Elderly patients are at particularly high risk for developing multiple immune-related adverse events concurrently 3. One case report documented a patient developing four separate autoimmune toxicities (type 1 diabetes, pneumonitis, hypothyroidism, and polymyalgia rheumatica) within a short timeframe 3.

Delayed Onset of Toxicities

Immune-related adverse events can develop at any time: during treatment, immediately after completion, or months after cessation 1. Dysimmune toxicities have been reported occurring even after therapy discontinuation, necessitating prolonged surveillance 1.

Severity of Adverse Events

Among reported immune-related adverse events, approximately 42% result in hospital admission, 22% require long-term treatment, and 13% lead to permanent treatment discontinuation 2. Additionally, treatment-related adverse events can be fatal, with approximately 2% of deaths attributed directly to pembrolizumab-related toxicity 4.

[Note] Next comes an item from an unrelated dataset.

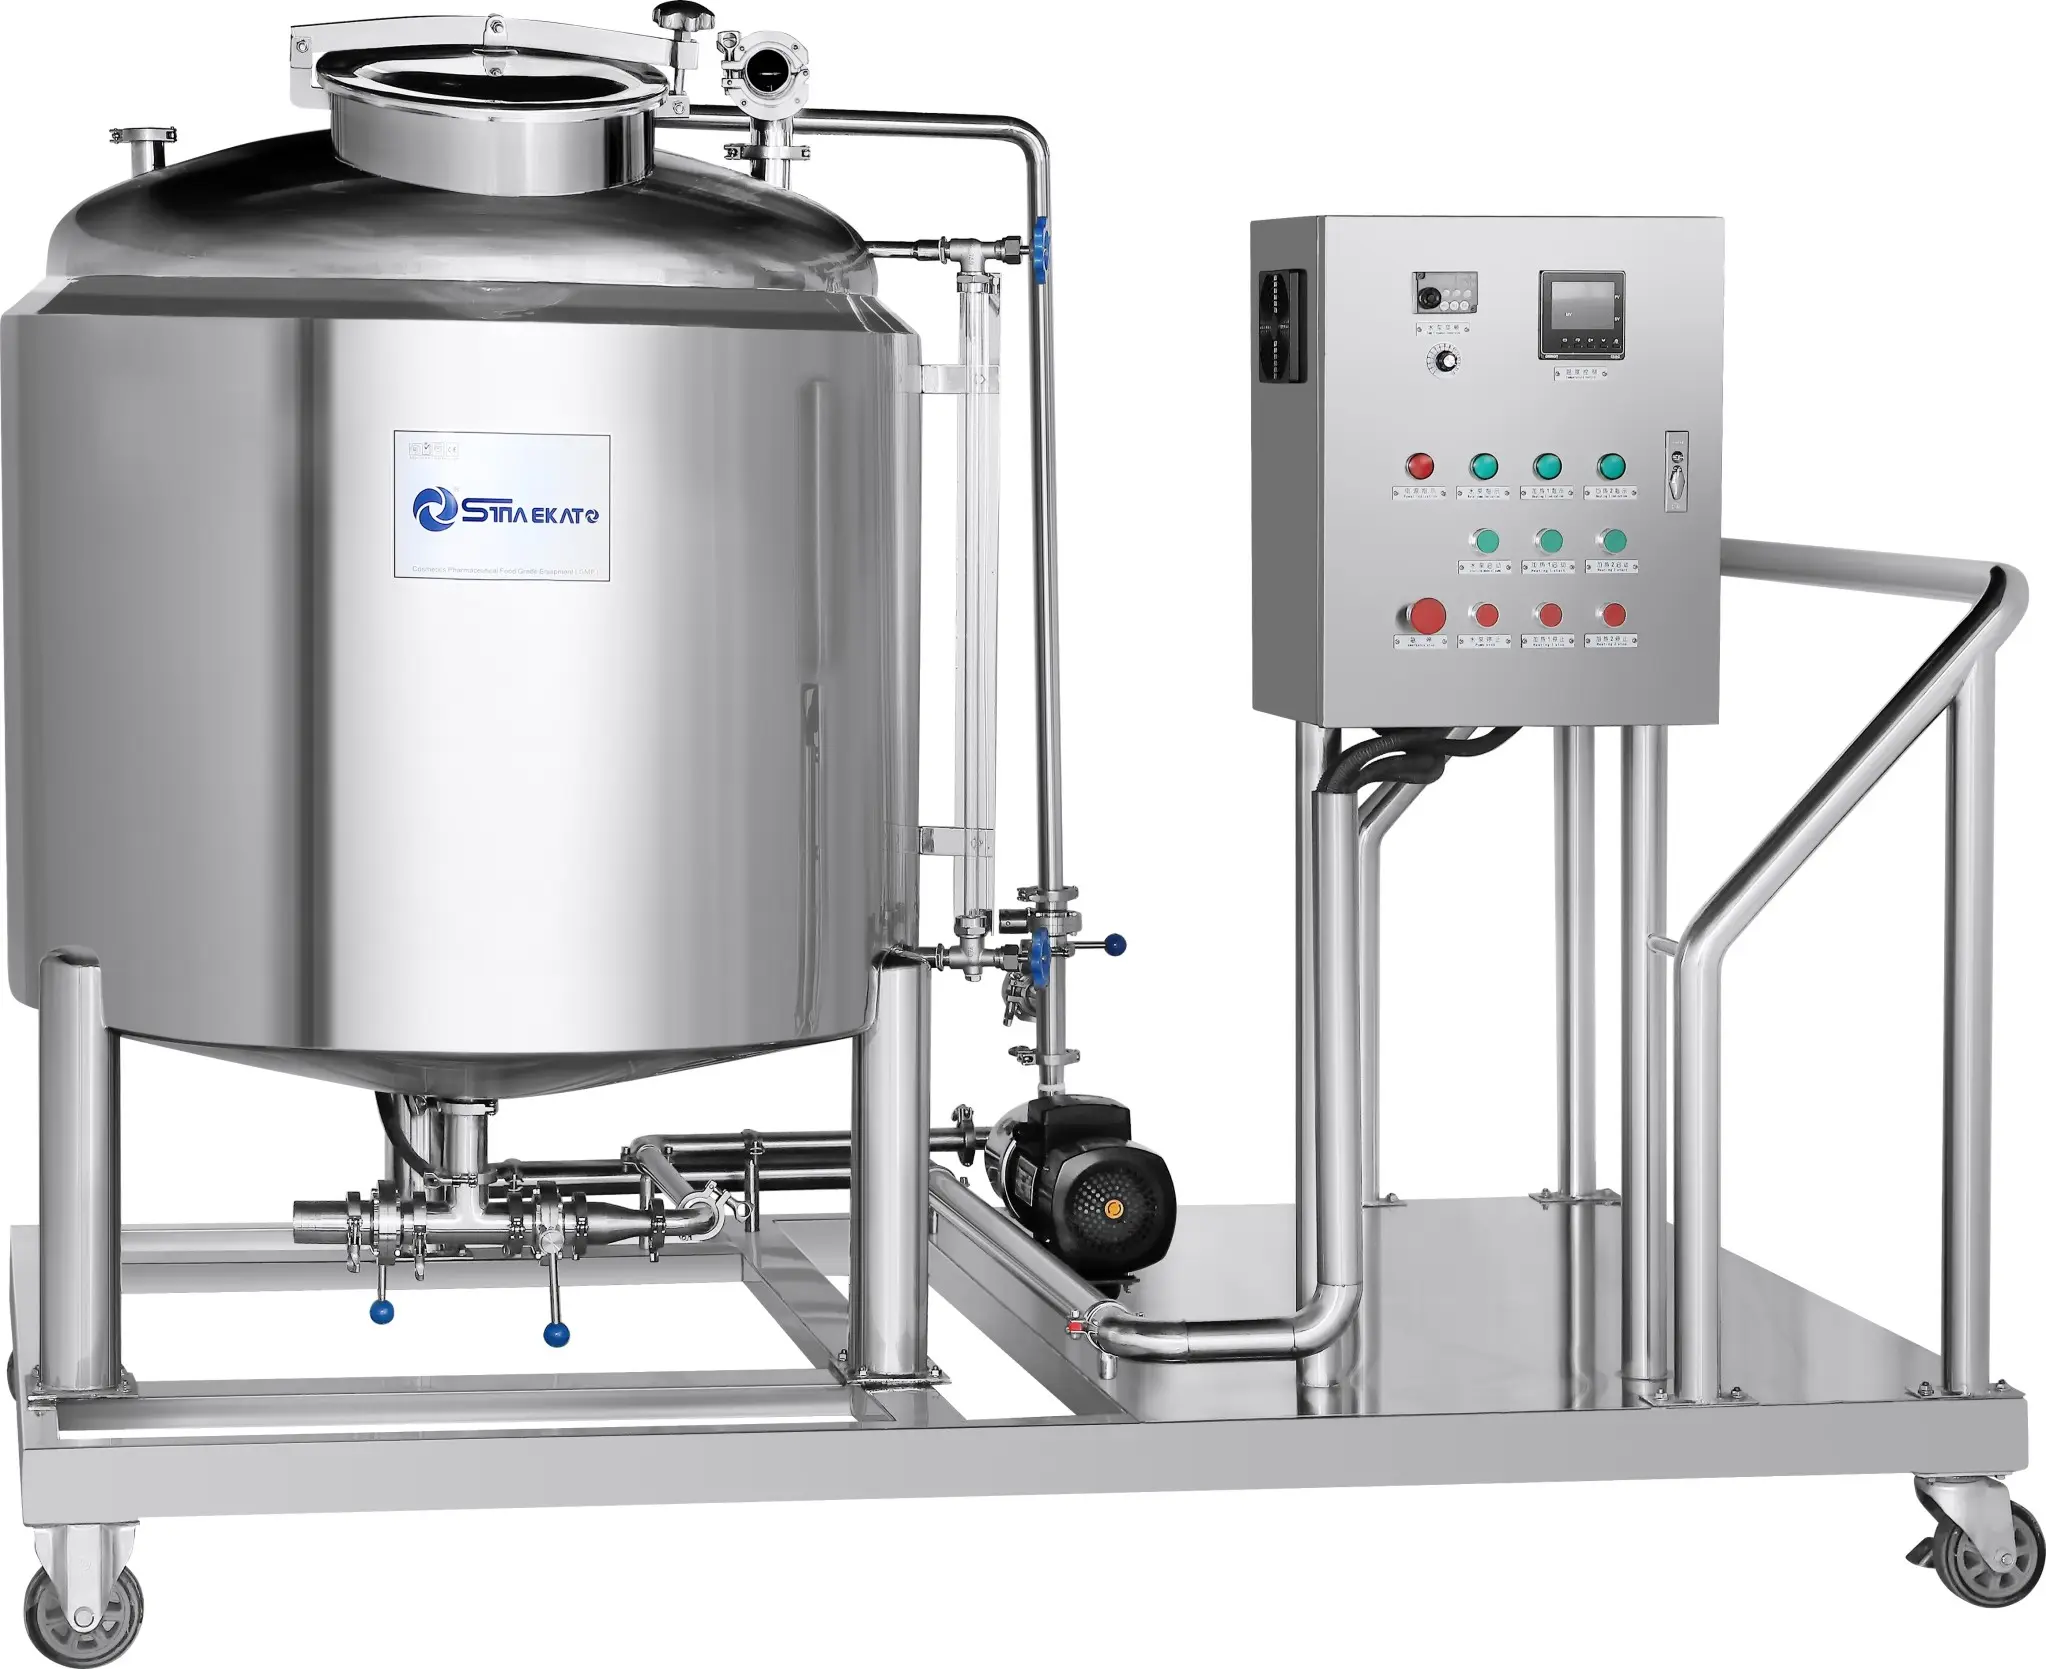 Sıcak satış yüksek kalite ucuz CIP mobil temizleme sistemi tek tankı temizleme su arıtma ekipmanları ünitesi makinesi için kozmetik

Differential Diagnosis Approach

When any new symptom occurs during or after treatment, consider three potential etiologies systematically: 1

1. Disease progression (most common cause of new symptoms) 1
2. Fortuitous events (such as infection or thrombosis) 1
3. Treatment-related immune toxicity 1

Oncologists should maintain a global, non-biased view and properly investigate each possibility rather than focusing predominantly on one etiology 1. Neglecting immune-related toxicities could be potentially fatal, but ignoring fortuitous events like infections may also be deleterious 1.

Management of Suspected Immune-Related Adverse Events

Any suspicious symptoms should lead to proper investigation 1. The specific workup depends on the organ system involved:

• Respiratory symptoms: Obtain chest CT with thin sections 1
• Gastrointestinal symptoms: Consider colonoscopy for persistent diarrhea or colitis 1
• Endocrine symptoms: Obtain comprehensive hormonal evaluation 1
• Hepatic dysfunction: Evaluate for viral hepatitis and autoimmune markers 1

Follow ESMO clinical practice guidelines for management of toxicities from immunotherapy when immune-related adverse events are identified 1.

Special Considerations for Combination Therapy

The combination of pembrolizumab with gemcitabine and cisplatin does not introduce new safety signals beyond those expected from each agent individually 4. However, the cumulative toxicity profile includes:

• Myelosuppression from chemotherapy (neutropenia, thrombocytopenia) 5
• Nephrotoxicity from cisplatin 1
• Immune-related adverse events from pembrolizumab 1

Treatment-related adverse events with maximum grade 3-4 occur in approximately 70-79% of patients receiving this combination 4, emphasizing the importance of vigilant monitoring.